### Supplied data:
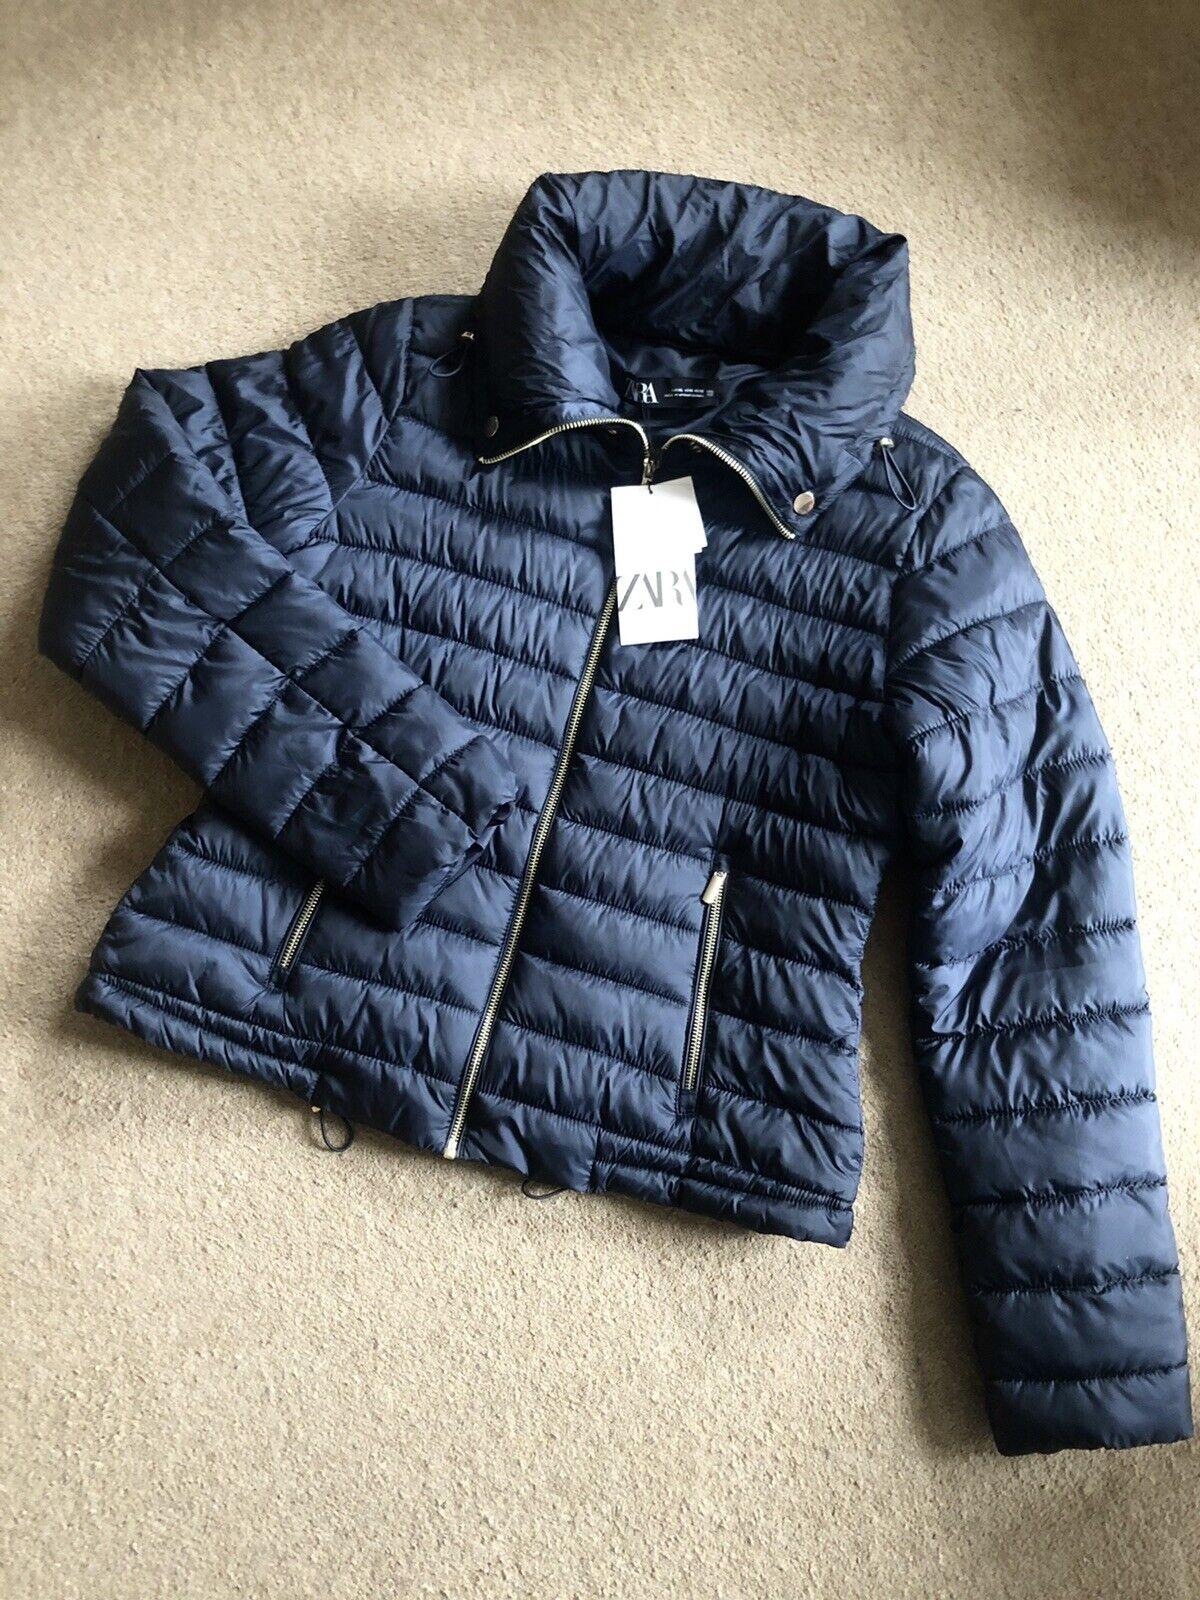 Zara Navy Water Resistant High Collar Puffer Jacket Coat XL UK16 # P28XL
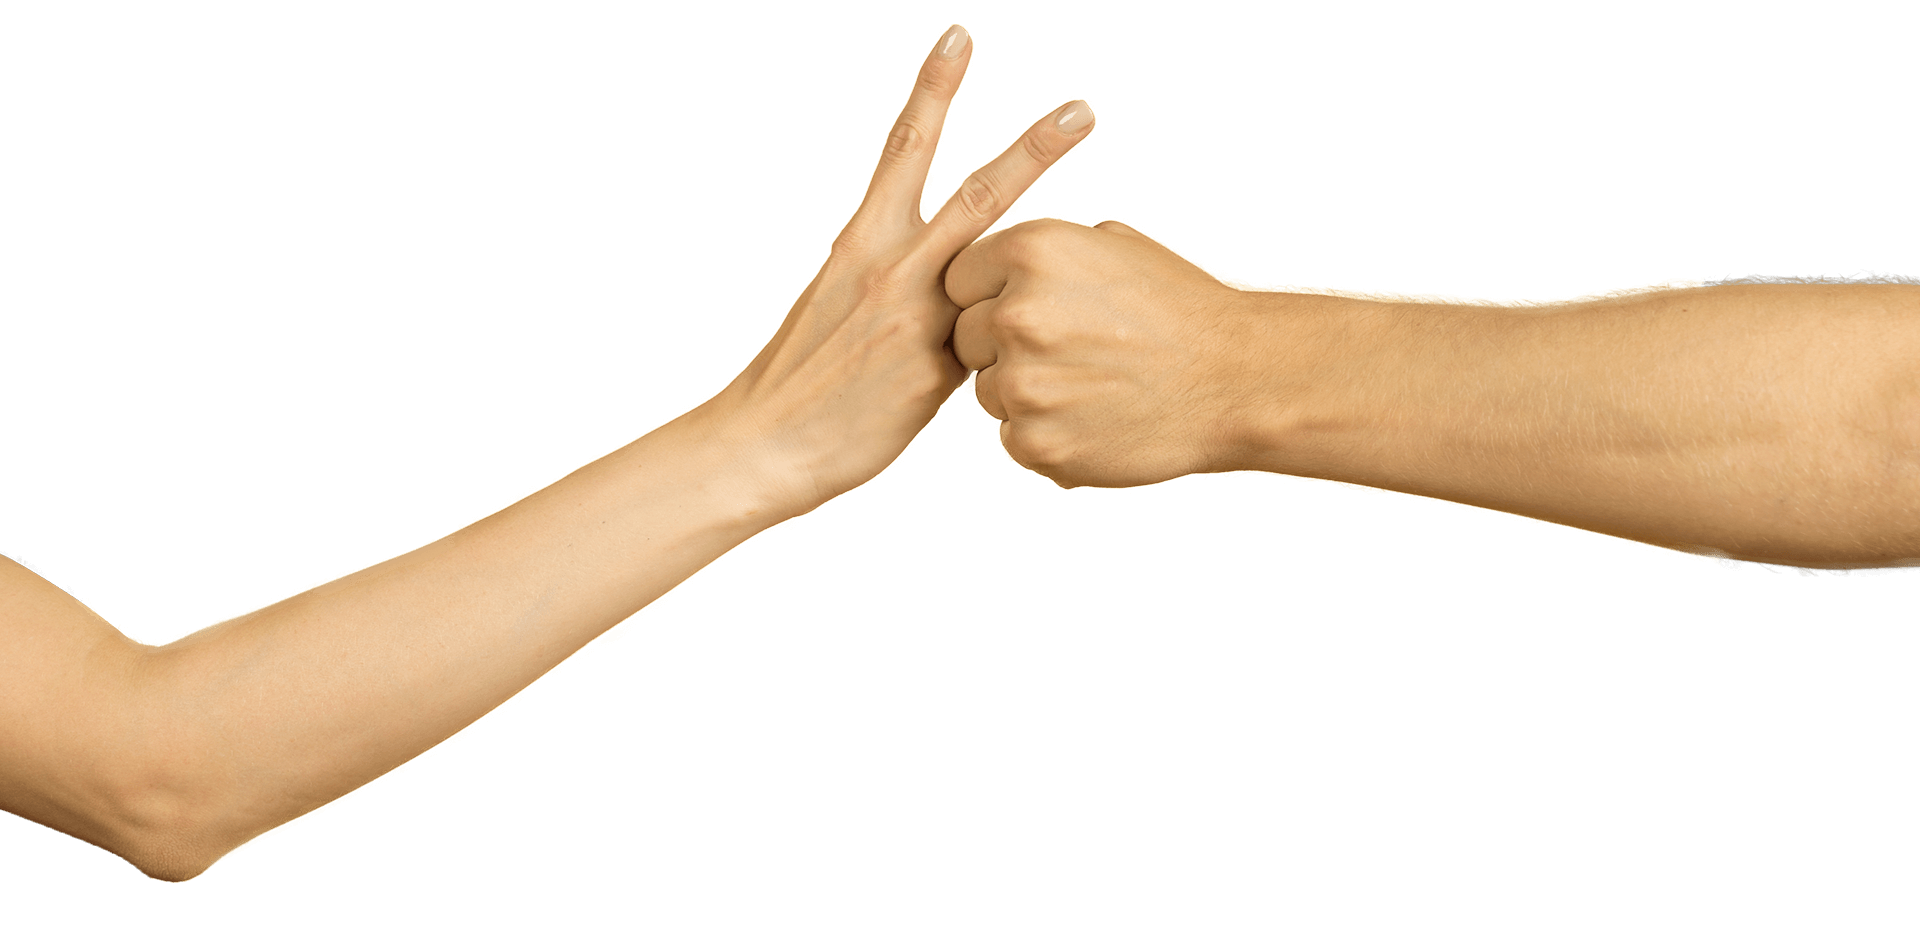 Photo of 2 hands making a snail shape, snail step 3
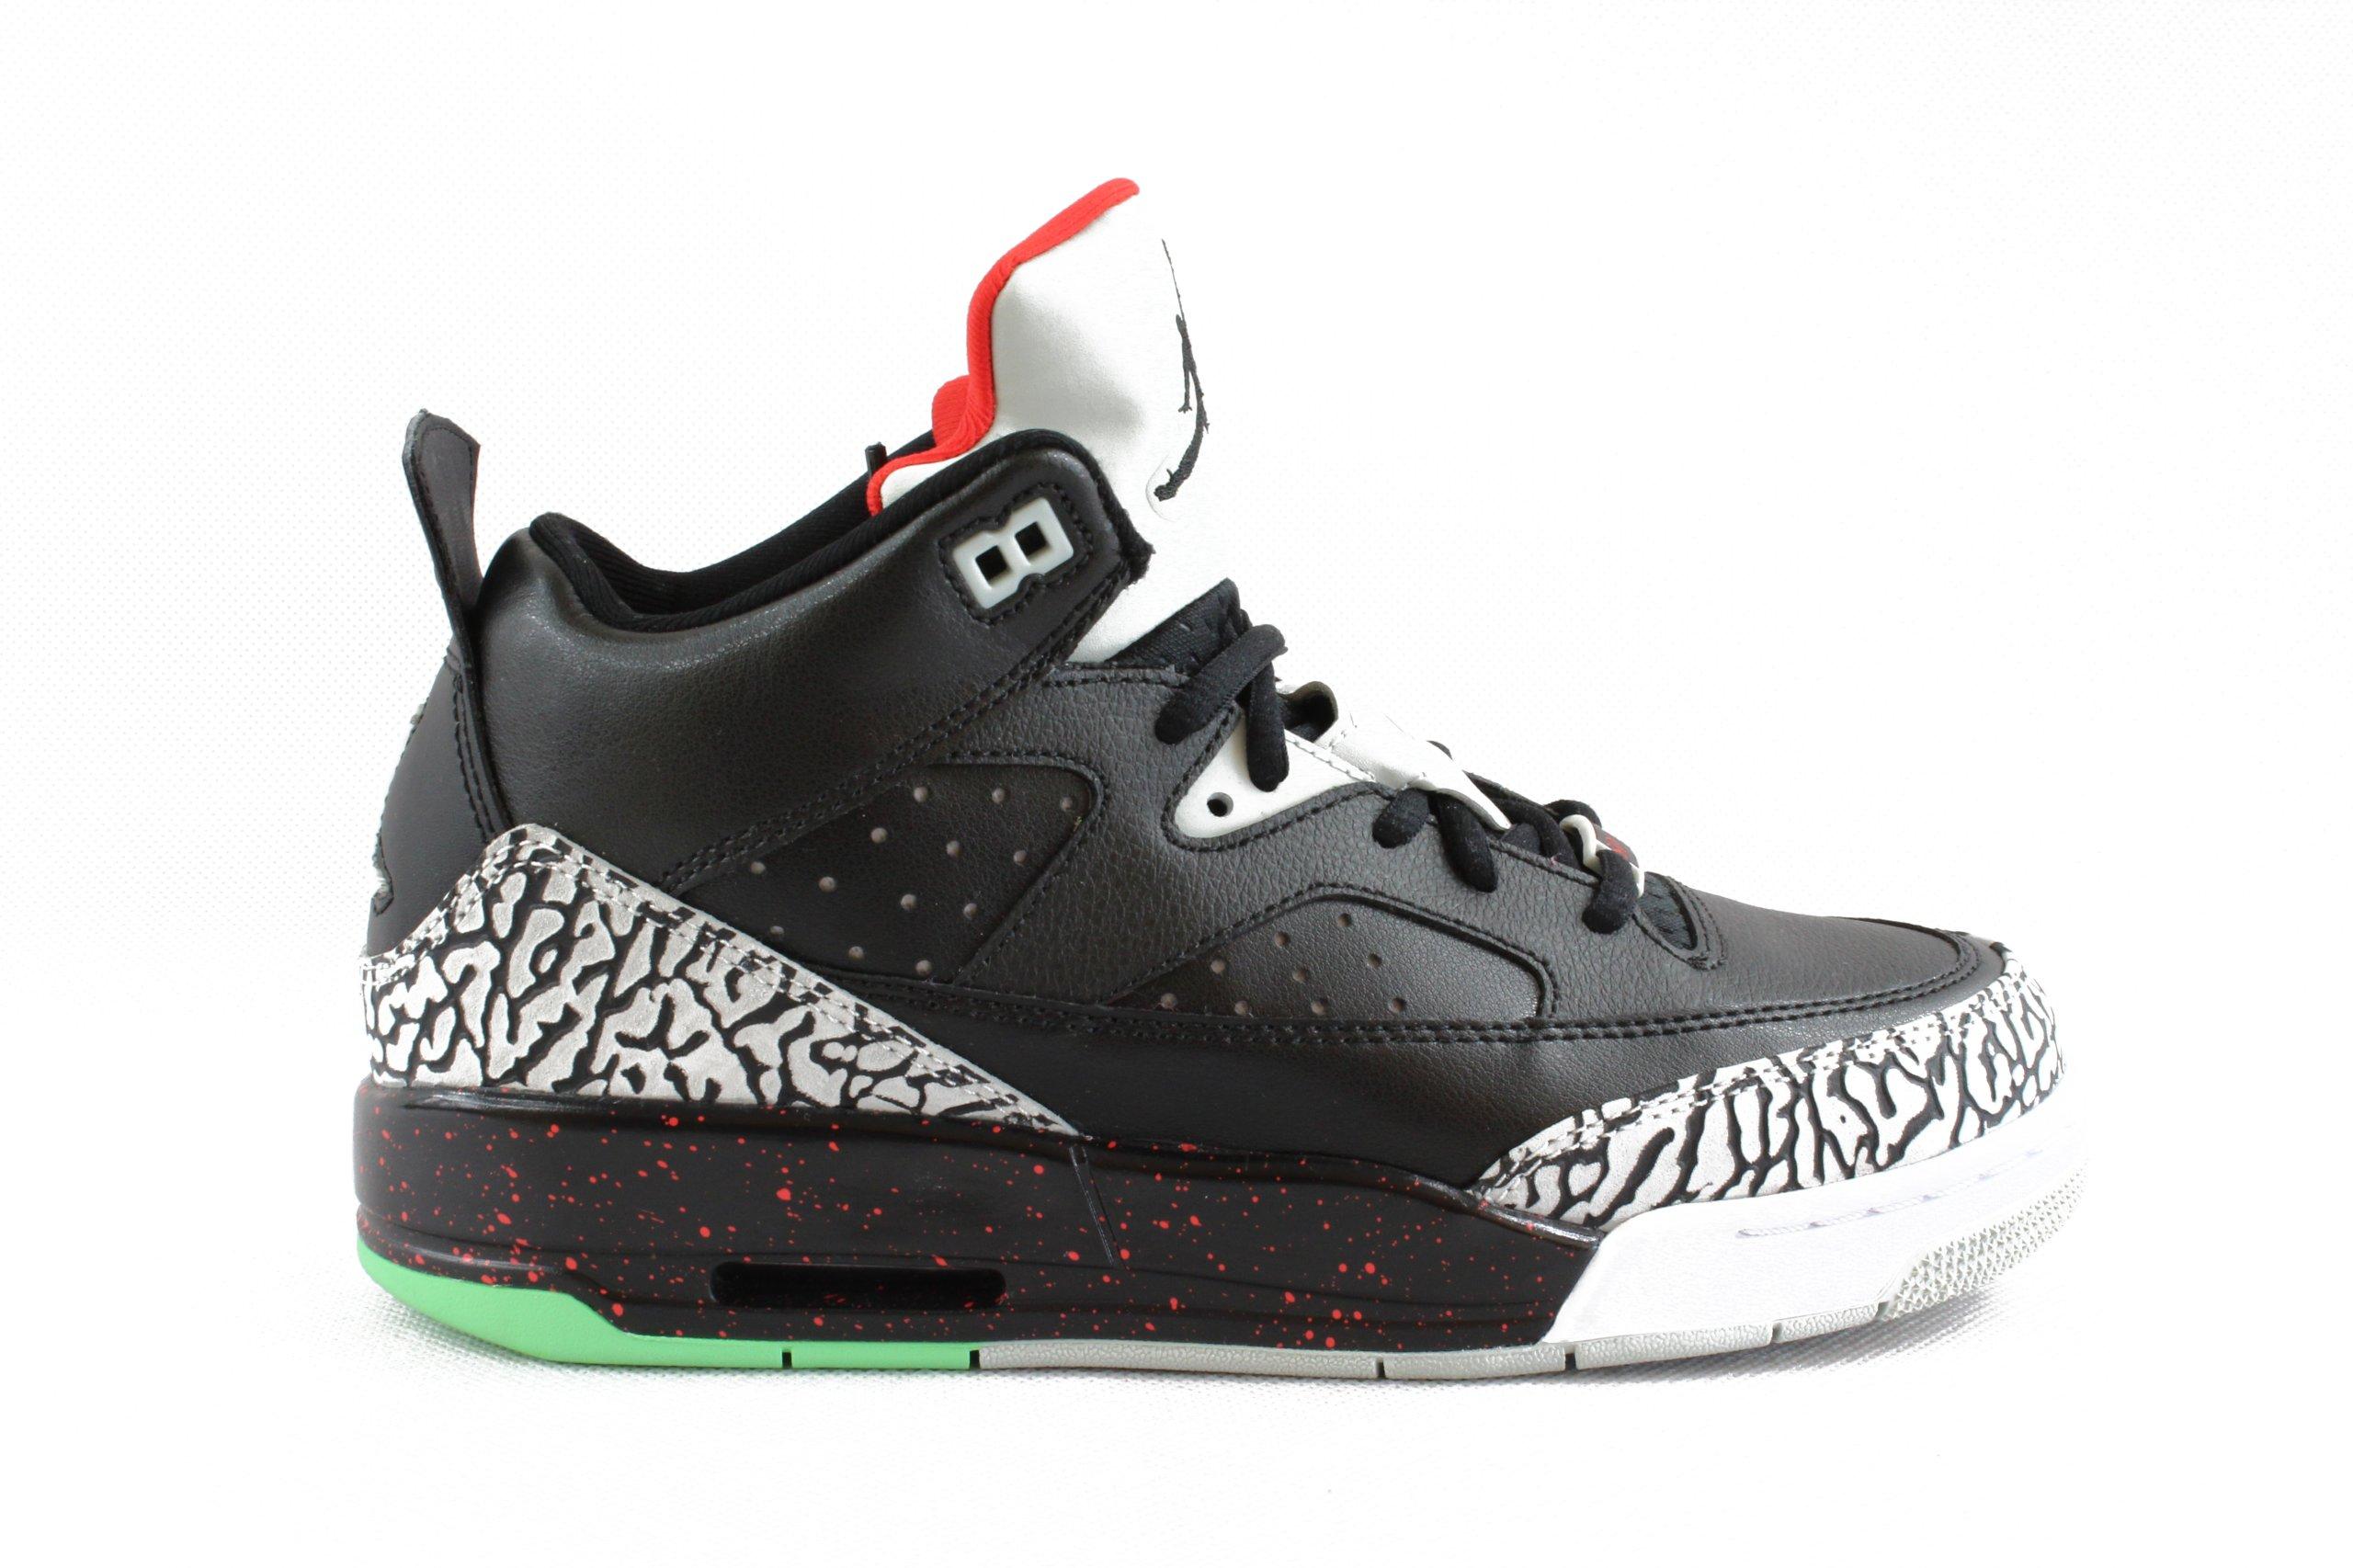 2494a1c512dc1f Buty Nike Jordan Son Of Low rozmiar 38

### To do:
Write out the line that contains "Photo of 2 hands" and every line after it to the end of the data, exactly as they stand. Omit the pictures.

### Result of this task:
 Photo of 2 hands making a snail shape, snail step 3
 2494a1c512dc1f Buty Nike Jordan Son Of Low rozmiar 38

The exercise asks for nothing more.